America’s households and businesses have been overcharged at least nine times for broadband/fiber optic services, including the wiring of schools, libraries, and hospitals— about $4000-$7000 per household, and the total is way over ½ trillion dollars by 2016. You can thank just a few companies: AT&T, Verizon and Centurylink, who control the state-based utilities, along with the cable companies, Comcast and now-Spectrum et al. And this is the low number.

The 3rd book in a trilogy that started in 1998, “The Book of Broken Promises” by Bruce Kushnick, proves that few have a clue about the factual history of broadband, much less fiber optic deployments in America that customers paid for, especially the FCC.

April 2017 was Infrastructure Month at the FCC; shame you weren’t told the truth. FCC Chairman Ajit Pai, a former Verizon attorney, has been making sure you hear the fake history of broadband and the Internet, which is being used to create exceedingly harmful public policies, and this needs to be stopped, now.

And regardless of what you heard, Verizon, AT&T and CenturyLink control the state telecommunications utilities, such as Verizon NY or AT&T-California, a fact that has been erased. And the copper wires, as well as most of the fiber optic wires are part of these state utilities, including those used for FiOS or the wires to the cell sites, or all of the other ‘business data services’ (BDS).
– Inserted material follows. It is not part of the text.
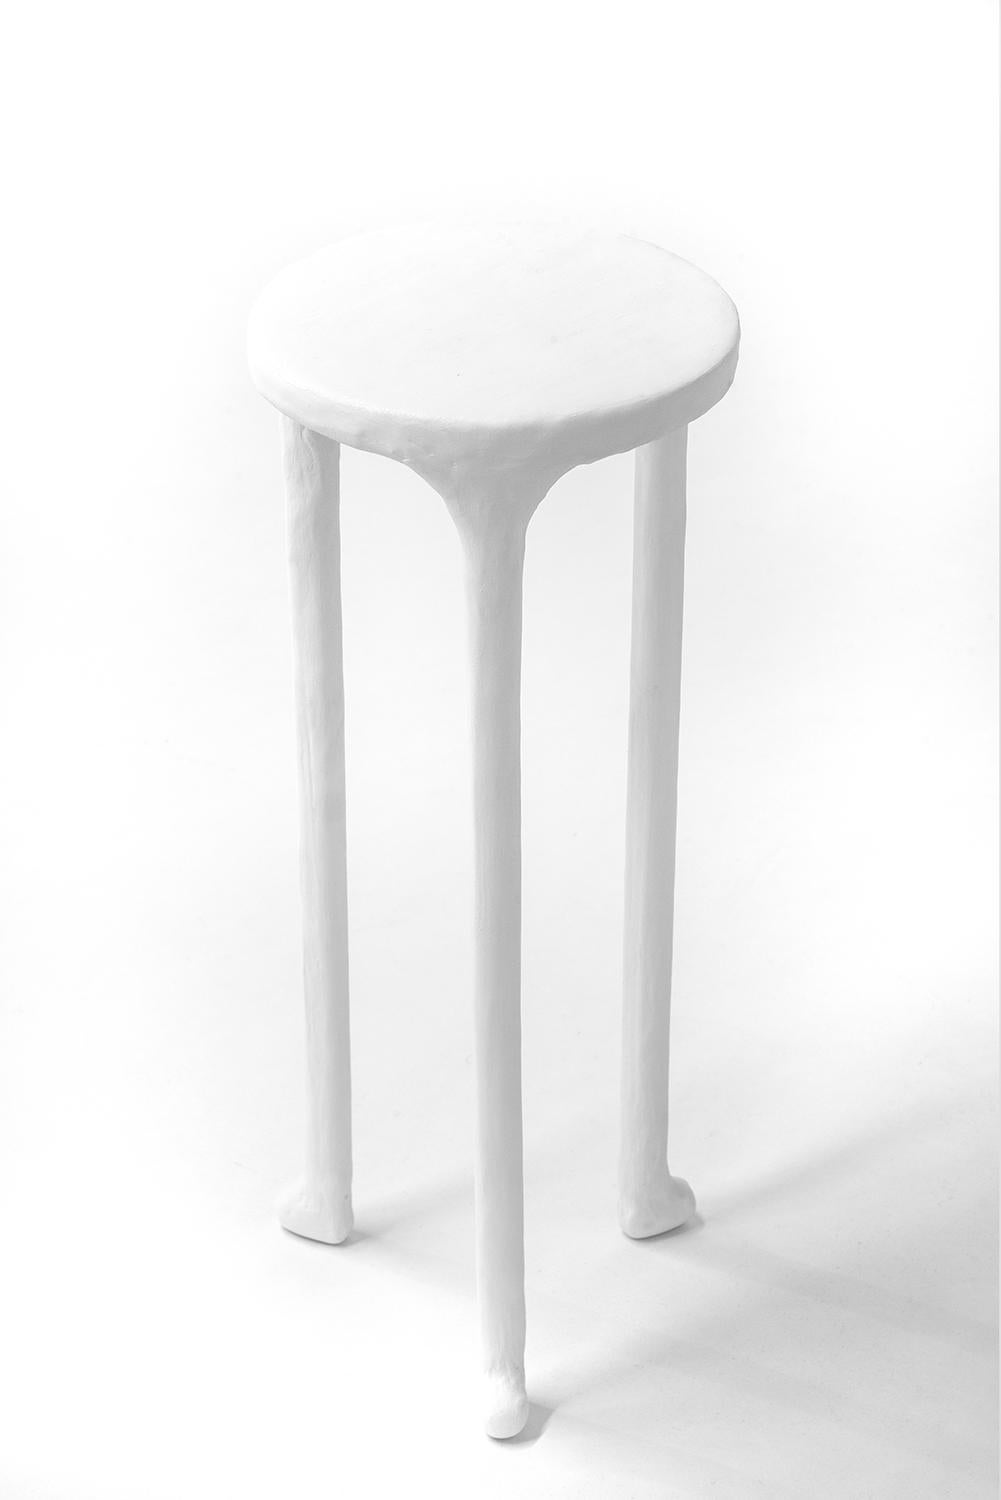 American Side Table Classic Modern White Plaster and Steel Minimalist Hand-Shaped Contemp For Sale

And they have been funded mainly by local phone customers—and are classified as something called “Title II”.

(Yes, AT&T and Verizon are also wireless companies, and ISPs, and cable companies, and broadband companies, and more recently ad-tech and entertainment companies. However, almost all of it uses the state utility wires, especially in their own territories.)

Here’s What Actually Happened (For details, download the book.)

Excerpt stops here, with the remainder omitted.